Sobald der erste KLT erzeugt wurde und den Status 2-Erfasst hat, wird automatisch ein Verpackungsvorgang erzeugt.
Eine Kommissionierserie durchführen
Eine Kommissionierserie ist eine Zusammenfassung von mehreren Aufträgen in einem Kommissioniervorgang. So muss der Kommissionierer nicht einen Auftrag nach dem anderen abarbeiten, sondern bekommt gleich die Kommissionierung von Artikeln aus verschiedenen ähnlichen Aufträgen zugewiesen, was Zeit und Weg sparen kann.
Bitte beachten Sie, dass für eine Kommissionierserie folgendes vorbereitet sein muss:
- Kommissionierseriennr. in der SIEVERS WMS Einrichtung hinterlegt
- Die Serienkommissionierung muss in der SWMS Feature Einrichtung aktiviert sein.
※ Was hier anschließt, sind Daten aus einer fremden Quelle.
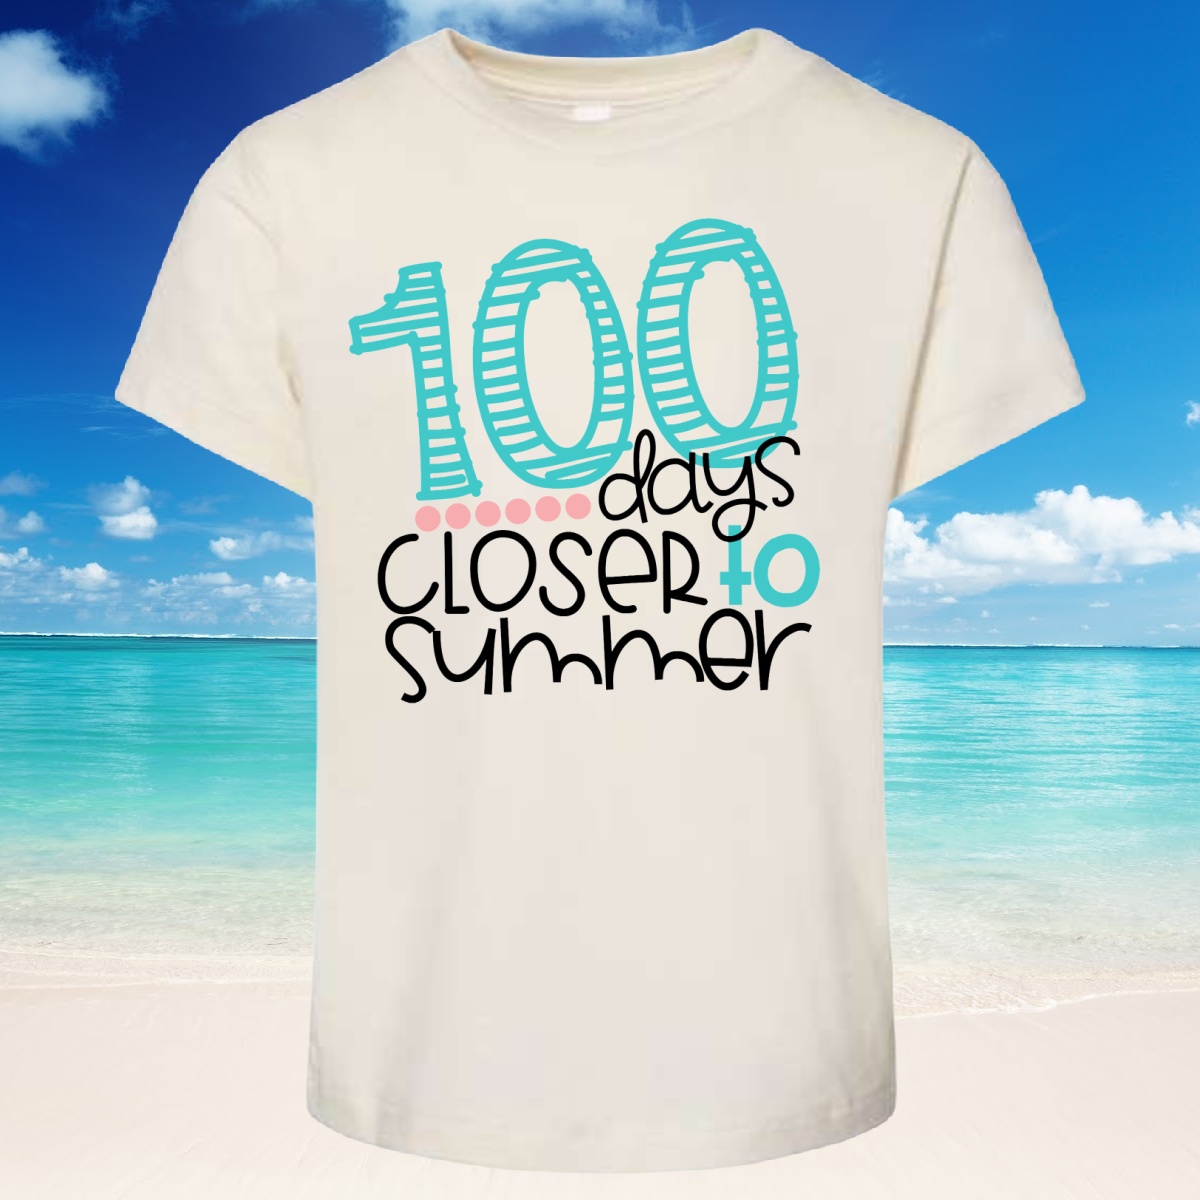 100 Days Closer To Summer - Youth

- Auftragsarten müssen für die Serienbildung aktiv sein
- Das Kommissionierteam muss die Option Serienkommissionierung aktiviert haben
- Es muss eine korrekte Serienbildungsstrategie angelegt sein
- Es kann ein automatischer Lauf der Aufgabe SNCL Kommissionierserien erzeugen in der Aufgabenwarteschlange vorhanden sein
Für die jeweiligen Status der Serie, schauen Sie bitte in den Abschnitt Status der Serienkommissionierung.
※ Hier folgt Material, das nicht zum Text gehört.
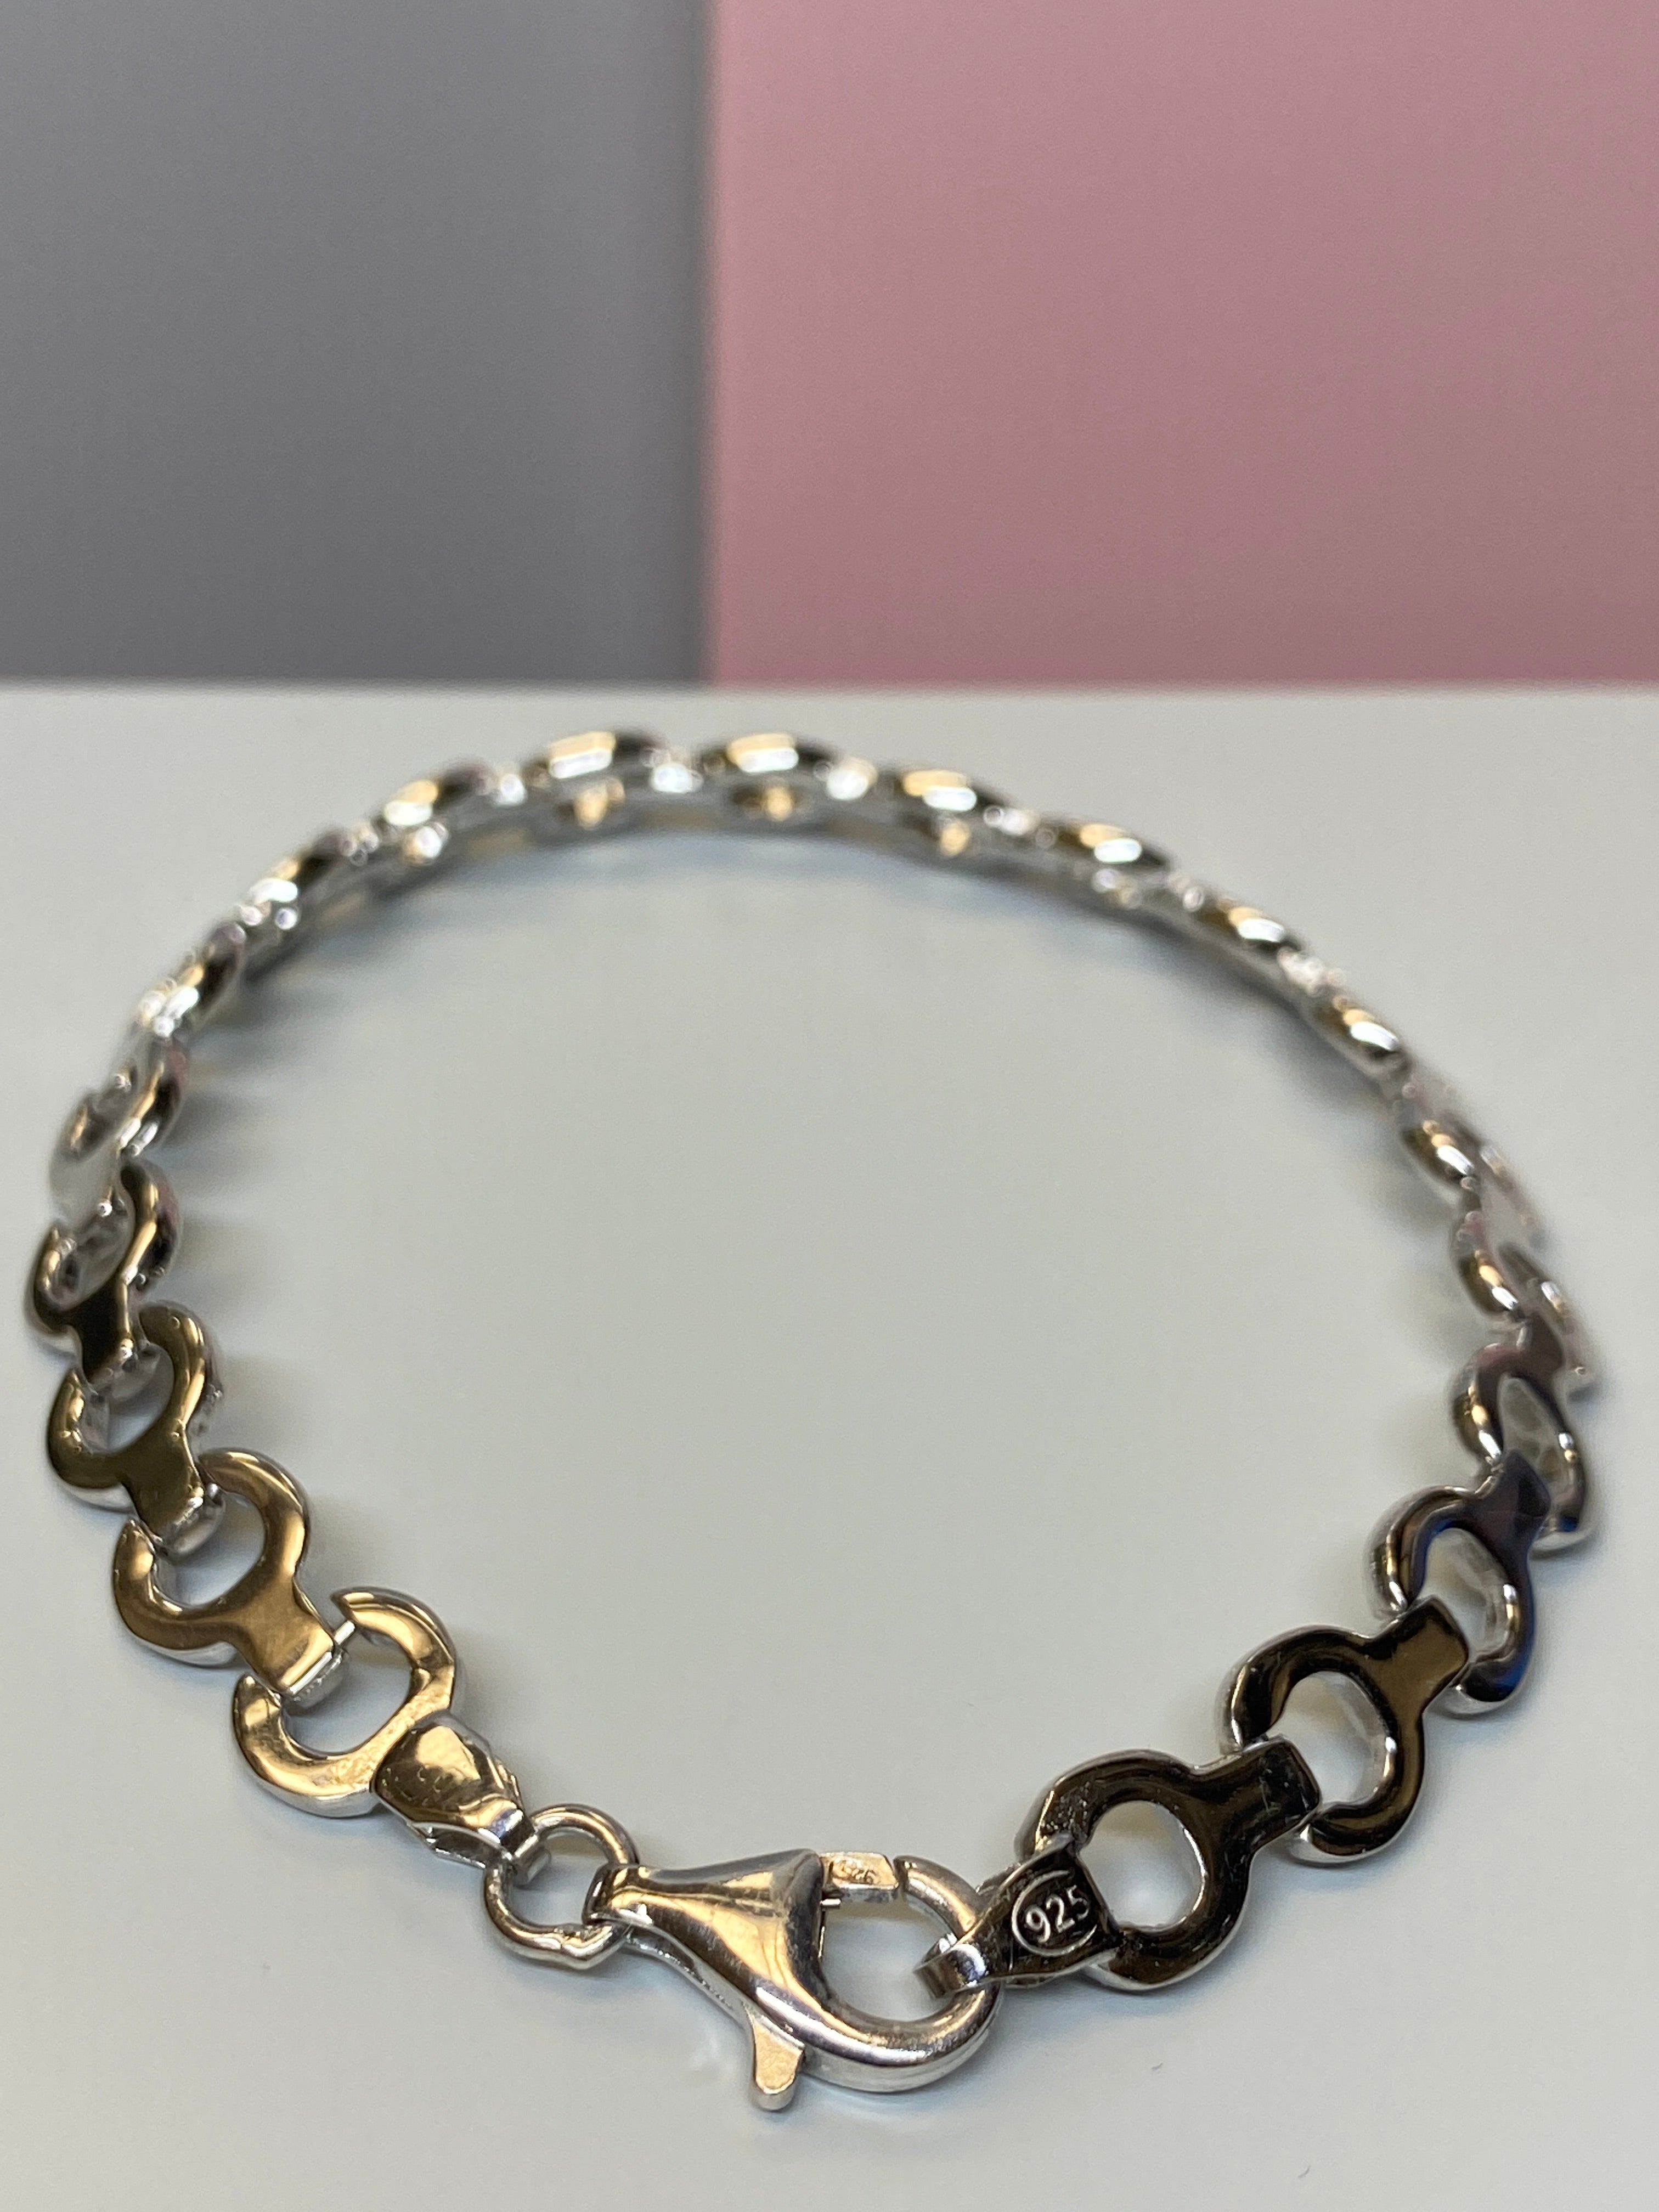 Silver Patterned Bracelet - Hallmark Jewellers Formby & The Jewellers Bench Widnes

Im Wesentlichen funktioniert die Bearbeitung einer Kommissionierserie wie die normale Kommissionierung, insbesondere, wenn in der Serienbildungsstrategie ein Haken bei Automatische Freigabe gesetzt ist. Dadurch muss die Kommissionierserie nicht über den Serienmonitor freigegeben werden. Nach der Erstellung des Lagerbelegs für einen Auftrag in der Warenausgangsplanung erfolgt die Bearbeitung der Kommissionierserie folgendermaßen:
- Falls SNCL Kommissionierserien erzeugen nicht automatisch läuft, müssen Sie diese Aufgabe manuell ausführen. Wählen Sie hierzu in der Aufgabe die gewünschte Serienbildungsstrategie und führen Sie die Aufgabe aus.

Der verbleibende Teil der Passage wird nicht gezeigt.